Sosyal hayat içerisinde gördüğümüz pek çok nesne aslında birer semboldür ve varlığının ötesinde çeşitli anlam katmanlarına sahiptir. Semboller birer aracıdır, kendileri de bir değer olmakla birlikte aslolan onlara yüklenen anlamdır. Kültür ve medeniyet kendini semboller vasıtasıyla açık eder. Din de kendine has sembolleriyle medeniyet inşa etmiş, her bir sembol, o medeniyete dair anlamlar ihtiva etmiştir. Şüphesiz bu sembollerin başında mabetler gelir. Mabetler sadece mimari birer yapı değil, ait oldukları milletlerin, yaşam tarzlarından sahip oldukları değerler sistemine kadar pek çok özelliğinin okunabildiği birer semboldür.

İslam medeniyetinin mefkûresi de semboller yahut dinî literatürdeki karşılığı olan şiârlar üzerinden okunabilir. Şiârlar bir yönüyle müminlerin yaşadıkları coğrafyalarda bıraktıkları izdir, bir beldenin Müslüman olduğunun en önemli işaretleridir. Diğer bir yönüyle şuur sahibi bir varlık olan insanın İslam beldelerinin sembollerini bilmesi, hissetmesi ve idrak etmesinin tezahürüdür. Camilerimiz birer şiârdır, minarelerden yükselen ezan sesi o topraklarda mümin gönüllerinin varlığının remzidir. Şiâr, bir mümin için fâni âleme nakşedilen, ona ebedî âlemi hatırlatan, insanı tefekküre sevk eden, Allah’a kulluğun alametleridir.

Diyanet Aylık Dergi olarak şubat ayı dosyamızda “İslam’ın Şiârları” konusuna yer verdik. Prof. Dr. Ali Kumaş, “Şeâirullah” konusunu ele aldı. Allah’ın şiârlarına hürmet gösterilmesinin, mümin tavrının belirleyici bir özelliği olduğunu, Kur’an-ı Kerim’de bu davranışların kalplerin takvası olarak ifade edildiğini belirtti. Prof. Dr. Özcan Hıdır, “İslam Beldelerinin Sembolleri Olarak Şiârlar: Cami, Minare, Ezan, Mushaf” yazısıyla dosyamıza katkı sundu. Kültürlerin, medeniyetlerin hatta ideolojilerin semboller vasıtasıyla tanınıp bilindiğine dikkat çeken yazar, şiârların birer aracı olduğunu, kendileri bizatihi değerli olmakla birlikte esas değeri onlara yüklenen, içine yerleştirilen manalar ve özlerde aramamız gerektiğini vurguladı. Prof. Dr. Asım Yapıcı ise “Sembol ve Aidiyet: Kimliğin Simgesel Tezahürü” yazısıyla dosyamızda yer aldı. Müslüman kimliğe bağlılığın, o kimliğin sembolleriyle yoğun bir ilişkide olduğunu ifade eden Yapıcı, İslam’ın şiârlarına yapılacak en ufak bir saldırının hatta nezaketsizliğin bile Müslümanları huzursuz edeceğini ve tepkiye neden olacağını dile getirdi.

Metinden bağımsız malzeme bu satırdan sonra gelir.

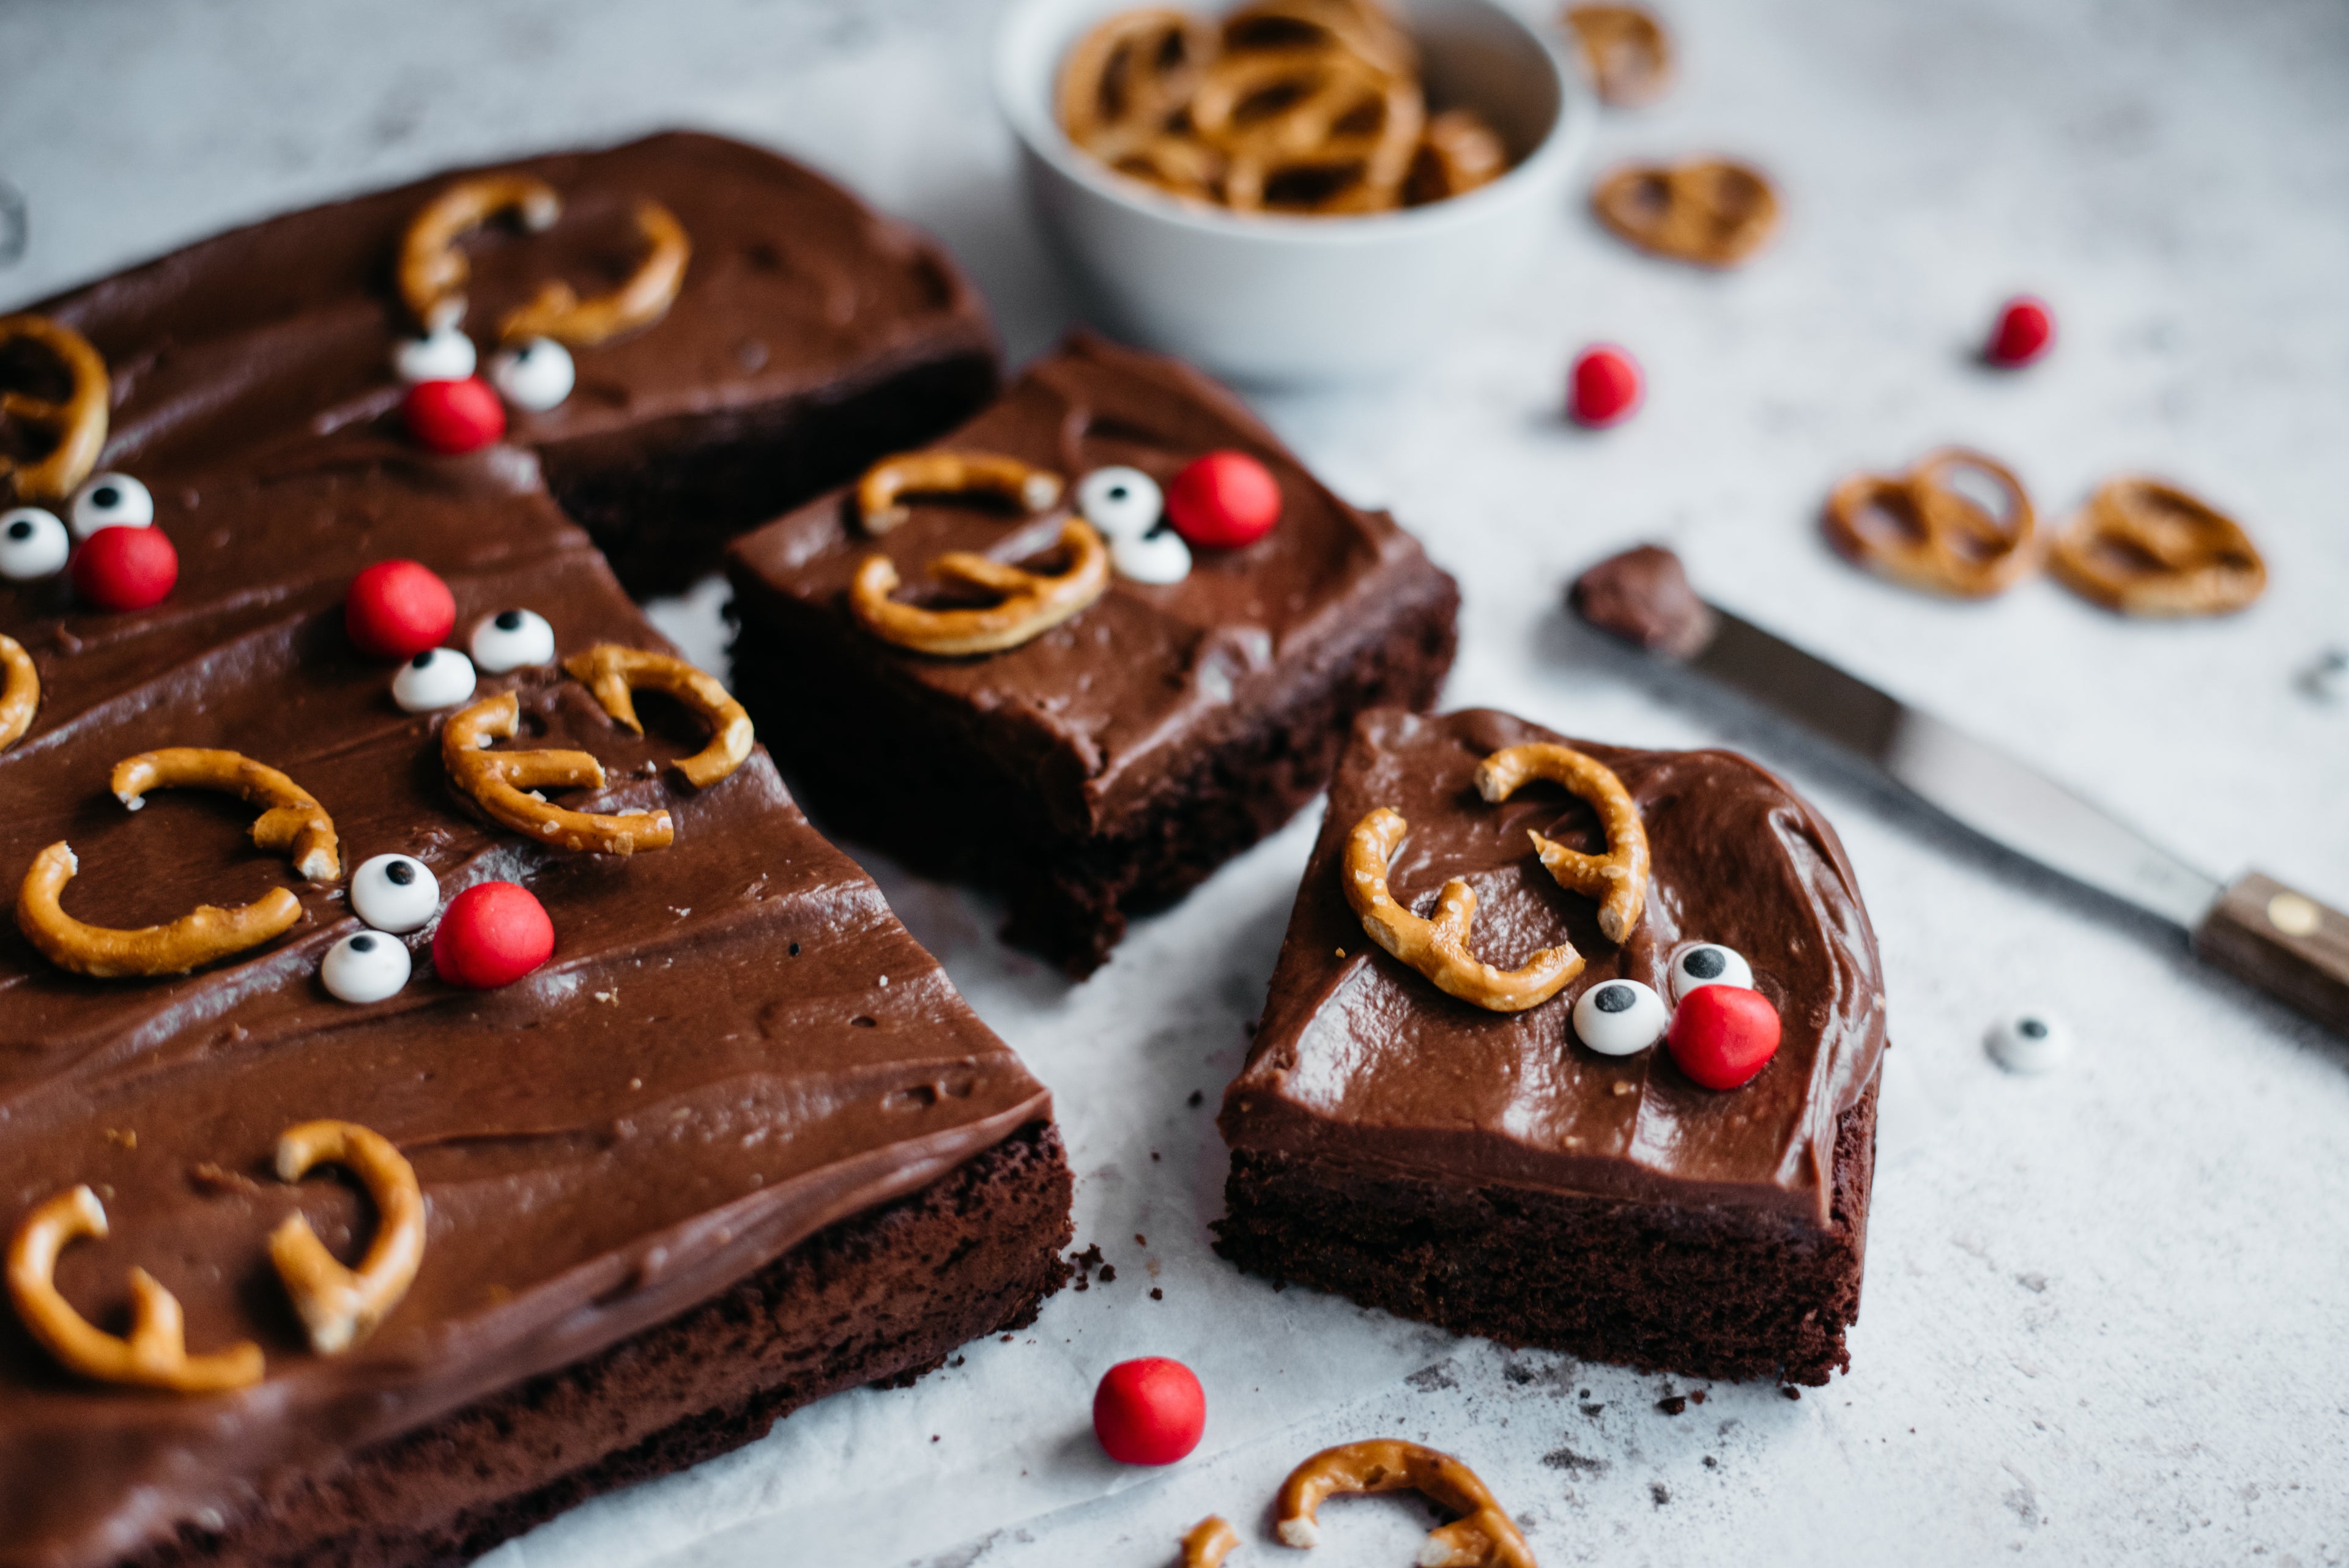 Close up of a slice of Chocolate & Caramel Reindeer Traybake decorated with pretzels

Bu ayki söyleşimizi Prof. Dr. Hülya Alper ile gerçekleştirdik. Alper, şiârların İslami kimlik ve aidiyet duygusunun gelişimine katkı sağladığını, aynı şiârlara bağlı insanlar arasında bir bağ kurulmasında etkili olduğunu, dinî duyarlılıkları güçlendirdiğini ifade etti.

Sizleri şubat sayımızla baş başa bırakırken bu ayın kederli bir hatırası olan asrın felaketi Maraş Depremlerini de hüzünle anıyor, ahirete irtihal eden vatandaşlarımıza rahmet diliyoruz. Temennimiz başta deprem bölgemiz olmak üzere ülkemizin bir daha böylesi bir acıyı yaşamamasıdır. Yine bu ayda idrak edeceğimiz Berat Kandili’nizi tebrik ediyor, ilahi rahmetin tecelli ettiği, şifa kapılarının açıldığı, ramazan-ı şerifin müjdecisi Berat Gecesi’nde, Suriye’den Filistin’e bütün Müslüman coğrafyaların felaha çıkmasını Yüce Rabbimizden niyaz ediyoruz.